International Journal of Geriatric Psychiatry, 04/19/2012

Memantine was not associated with superior affective or functional outcome compared with placebo in medically rehabilitating older adults with depressive and apathy symptoms.


  • The authors recruited subjects aged 60 years and older who had recently suffered a disabling medical event and were admitted to a skilled nursing facility for rehabilitation.
  • Participants with significant depressive symptoms, defined as a Hamilton Rating Scale for Depression score of 10 or greater, and/or significant apathy symptoms, defined as an Apathy Evaluation Scale score of 40 or greater, were randomized to memantine (10 mg/d for 1 week, then 10 mg twice daily) or placebo, for 12 weeks.
  • The authors also recruited participants without depressive or apathy symptoms for naturalistic follow-up as a non-depressed comparison group.
  • Depressive and apathy symptoms were main outcomes; functional recovery, and self-report rating of helplessness, and onset of new depressive disorders were secondary outcomes.
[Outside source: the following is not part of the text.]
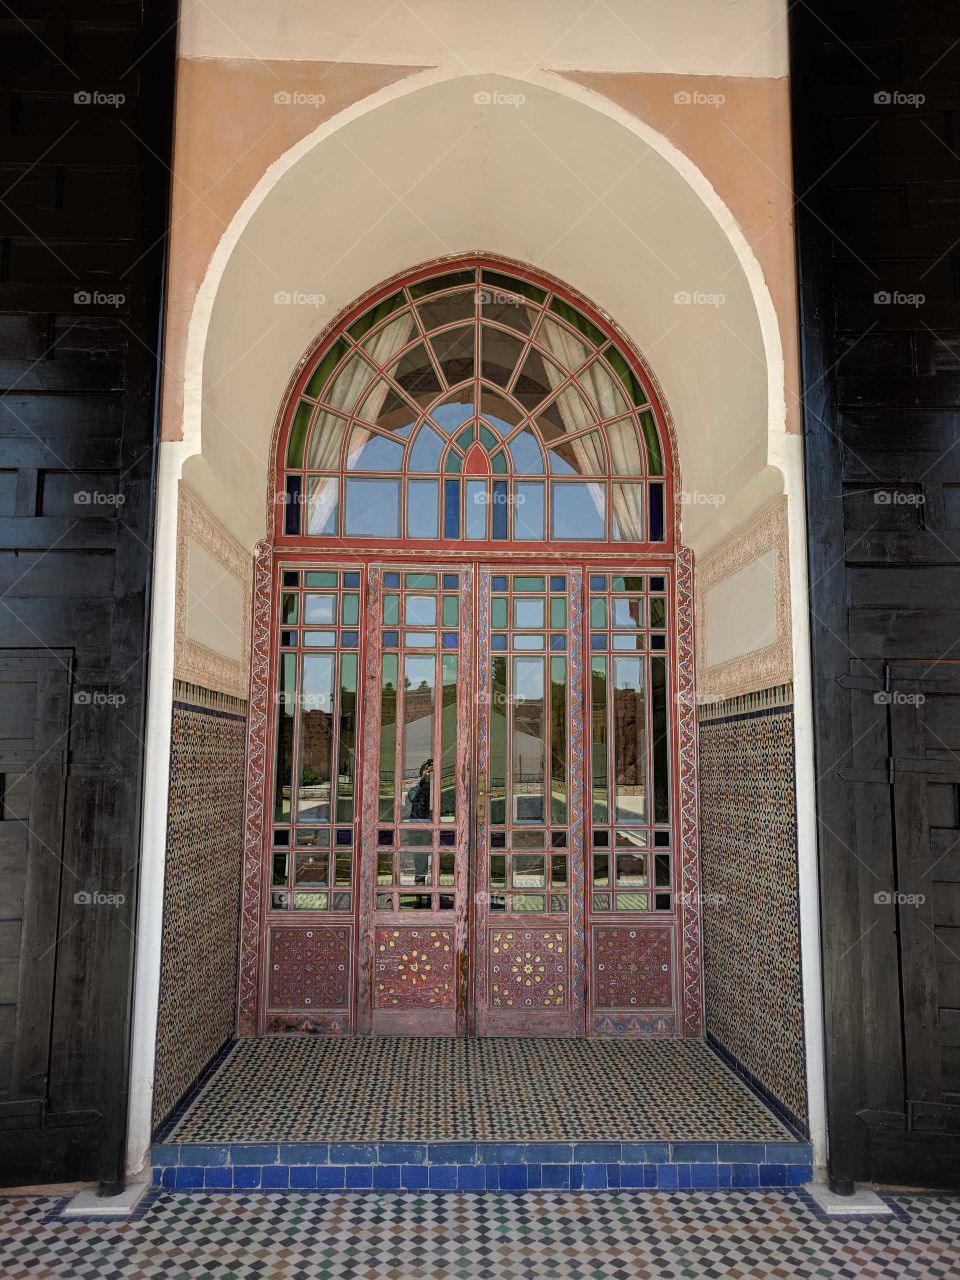 Glass Door and Mosaic Floor at Palais El Badi in Morocco

  • Thirty-five older adults with significant depressive and/or apathy symptoms were randomized, of whom 27 (77.1%) completed the 12 week randomized controlled trial.
  • Both groups showed reduction in depressive symptoms (but no significant reduction in apathy symptoms) and improved function.
  • However, there were no group differences between the memantine-randomized and placebo randomized participants on any outcome.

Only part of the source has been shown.